President Donald Trump this week announced that Alex Azar will be appointed as the next Department of Health and Human Services (HHS) Secretary. Azar spent nearly a decade at pharmaceutical company Eli Lilly, where he most recently served as president of U.S. operations before leaving earlier this year.

Prior to his time at Eli Lilly, Azar served as the HHS General Counsel from 2001 to 2005 and the Deputy Secretary from 2005 to 2007 under the George W. Bush Administration. Notably, as HHS General Counsel, Azar assisted then-Secretary Tommy Thompson in declaring the first public health service emergency after the September 11, 2001, terrorist attacks. Azar is generally regarded as a detail-oriented bureaucrat who has a deep understanding of the in-and-outs of the administrative and regulatory systems.

Azar must receive 51 votes to be confirmed by the U.S. Senate. Reports suggest the confirmation process has the potential to be contentious as lawmakers are likely to scrutinize Azar’s commitment to the Affordable Care Act (ACA), as well as his record in the pharmaceutical industry. Committee hearings and a confirmation vote on Azar are expected in the coming weeks.

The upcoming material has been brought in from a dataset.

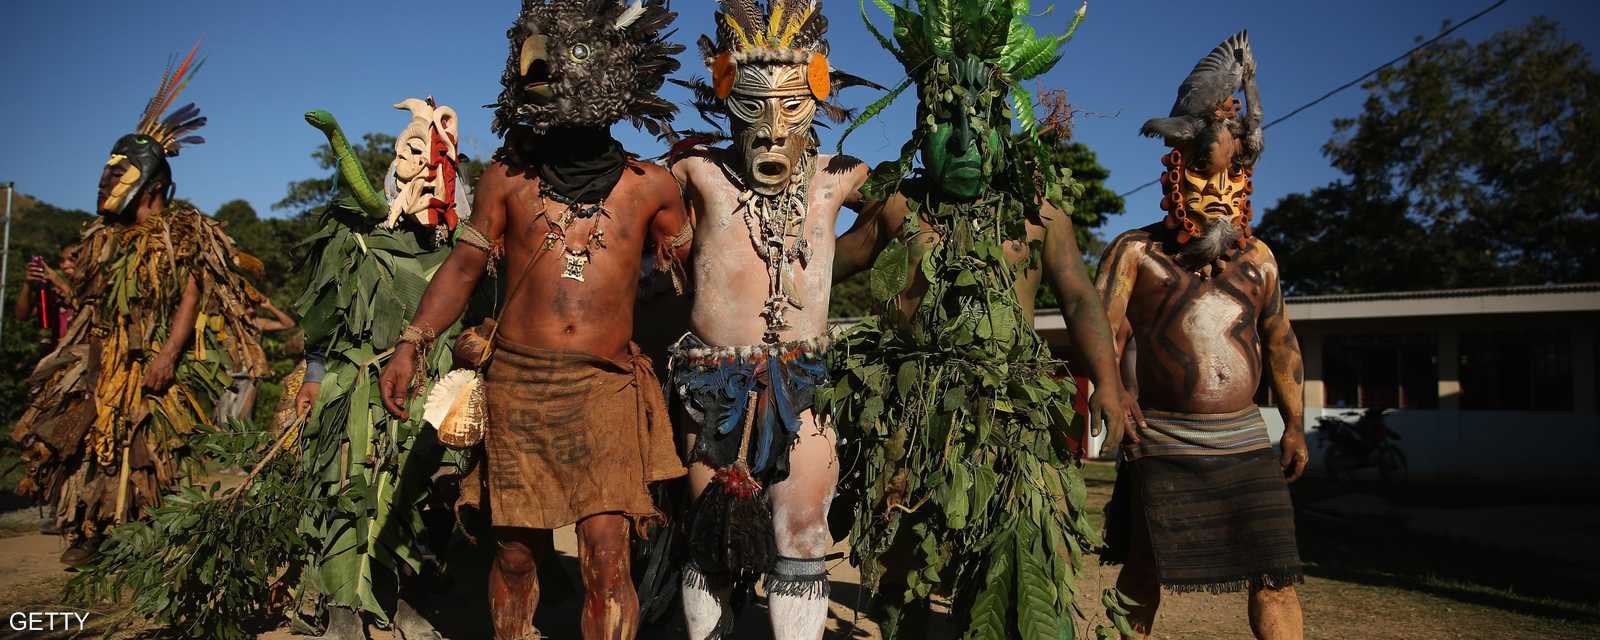 احتفال تراثي شعبي من أهم الاحتفالات التراثية في كوستاريكا

Covered California Enrollment Jumps 23 Percent

During the first two weeks of open enrollment, the number of new customers enrolling in health insurance through the Covered California marketplace jumped 23 percent compared to the same period last year. More than 48,000 new customers signed up for subsidized health plan coverage between November 1 and November 14 this year, compared to 39,000 last year. At this time, Covered California does not have figures for how many people have renewed their existing health plans in November.

Despite the Trump Administration significantly cutting funding for enrollment outreach earlier this year, Covered California budgeted $111 million for outreach activities. Additionally, California’s open enrollment is twice as long as enrollment periods for states using the federal health insurance exchange. Even with an increase in new health plan enrollments during this year’s open enrollment period thus far, it remains to be seen if a net gain will be realized throughout the overall enrollment period. More information on the beginning of Covered California’s open enrollment period is available here.

Adolescent Birth Rates in California Hit Another Record Low

This week, the California Department of Public Health (CDPH) announced California’s adolescent birth rate continues to decline. In 2015, there were 17.6 births per 1,000 females aged 15-19, revealing a 10 percent decrease from the 2014 rate (19.6 births) and a 62 percent decrease from the 2000 rate (46.7 births).

Additionally, between 2000 and 2015, the adolescent birth rate decreased across all racial and ethnic groups. During this time, the adolescent birth rate dropped among Hispanics from 77.3 to 27.0, among African-Americans from 59.1 to 19.7, among Whites from 22.3 to 6.9, and among Asians from 15.0 to 2.9. More information about California’s declining adolescent birth rates is available here.

Statewide Valley Fever Cases Increase in 2017

The California Department of Public Health (CDPH) also this week announced an increase in the number of new Valley Fever cases reported from LHDs in 2017. From January 1 through October 1, 2017, 5,121 provisional cases of Valley Fever were reported throughout the state. This is an increase of 1,294 provisional cases reported during the same period in 2016.

The number of Valley Fever cases varies from year to year, and by season. At this time, it is unknown why there has been an increase in provisional Valley Fever cases in California in 2017. More information about the increase in cases may be accessed here.

NASEM Launches Interactive Health Equity Hub

The National Academies of Sciences, Engineering, and Medicine (NASEM) recently launched a new interactive online resource highlighting promising community-driven approaches to advance health equity. The interactive hub is based on the report Communities in Action: Pathways to Health Equity and showcases examples of communities activating strategies to reduce health inequities. The resource provides actions and messages for various community-based sectors and provides approaches to engage others in promoting health equity. The interactive hub may be accessed here.